### Task brief
Repeat word for word the lines from the one containing "Master Lock Green Steel Chain lock 1m" to the end of the material below, and leave all pictures out.

### The data

§

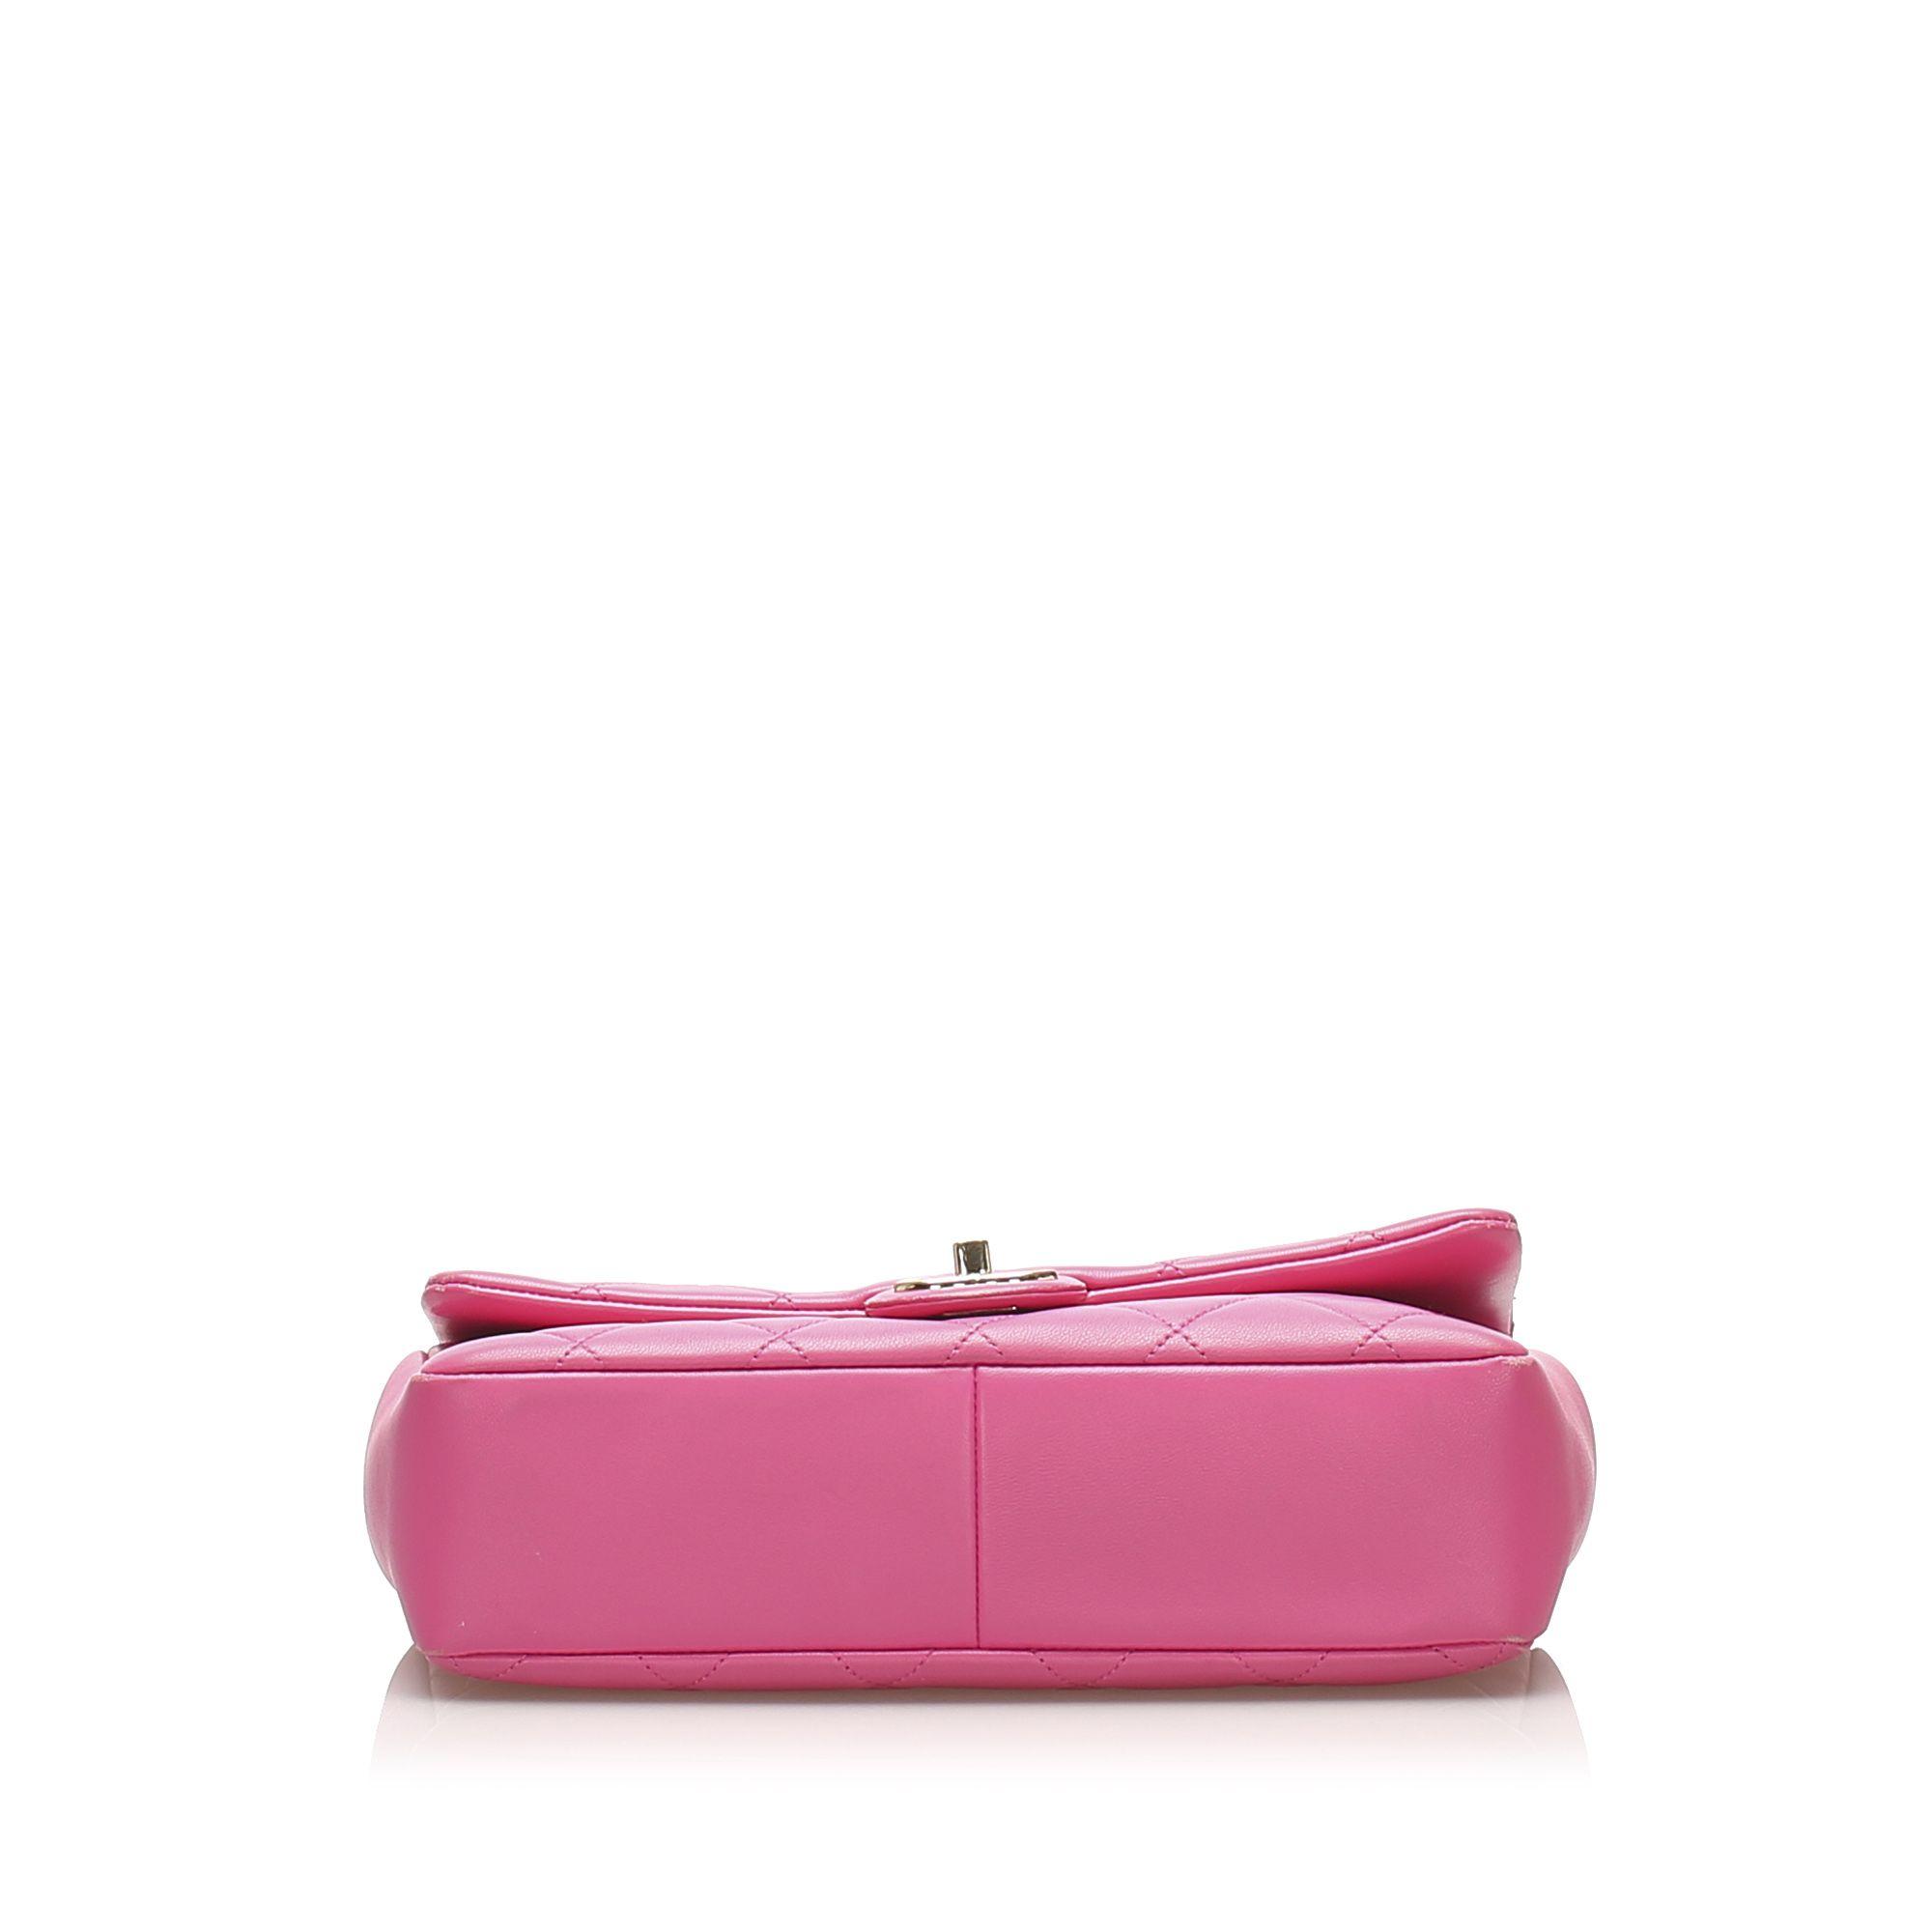 Vintage Chanel Medium Lambskin Leather Bicolor Chain Flap Bag Pink
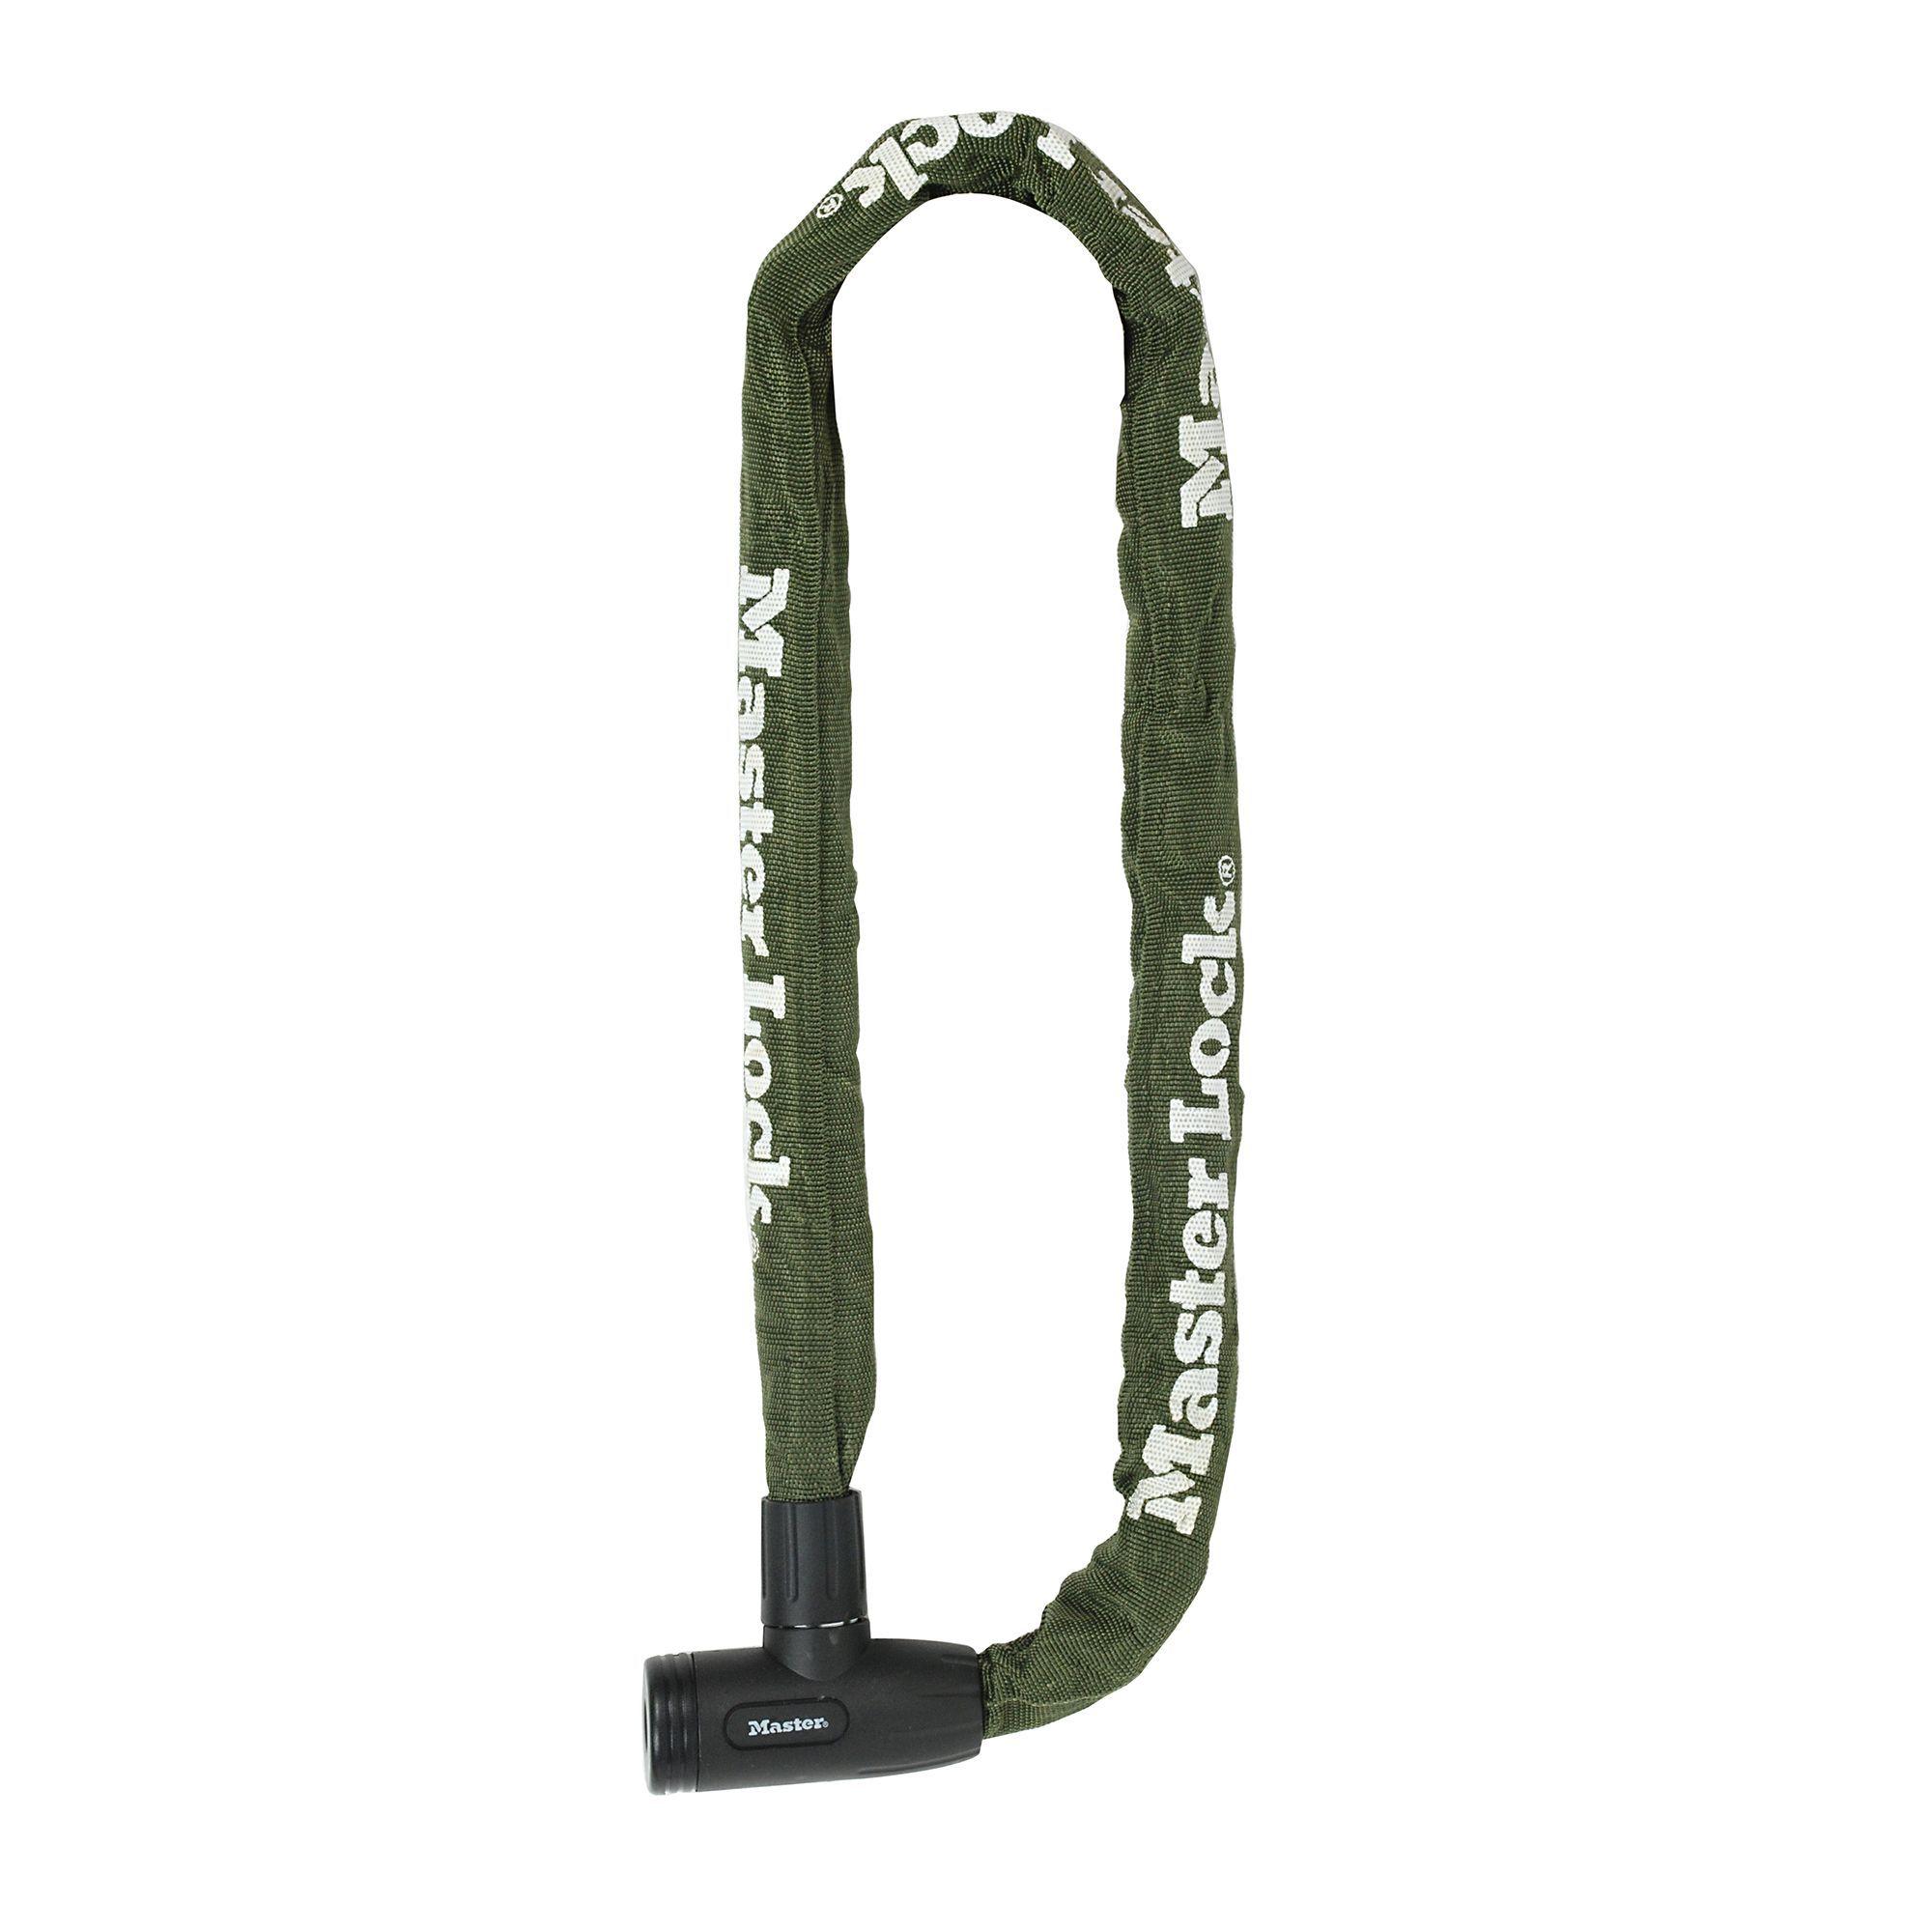 Master Lock Green Steel Chain lock 1m
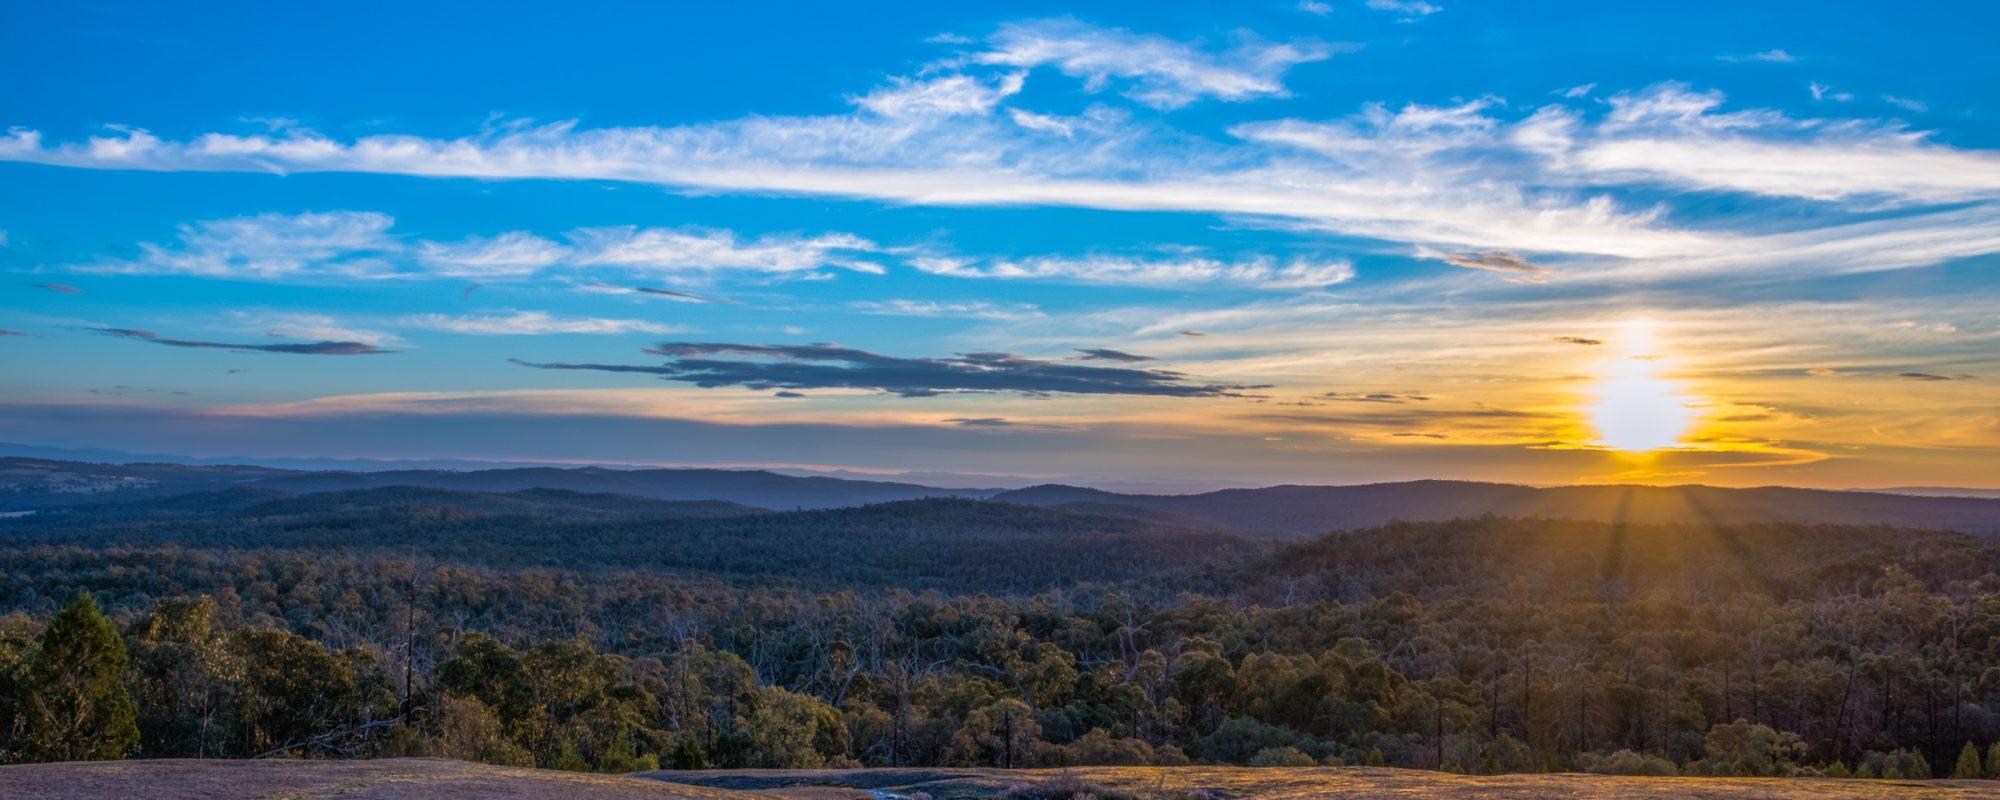 Mt Pilot National Park | Image credit: Kate Hanton

§

### Task solution
 Master Lock Green Steel Chain lock 1m
 Mt Pilot National Park | Image credit: Kate Hanton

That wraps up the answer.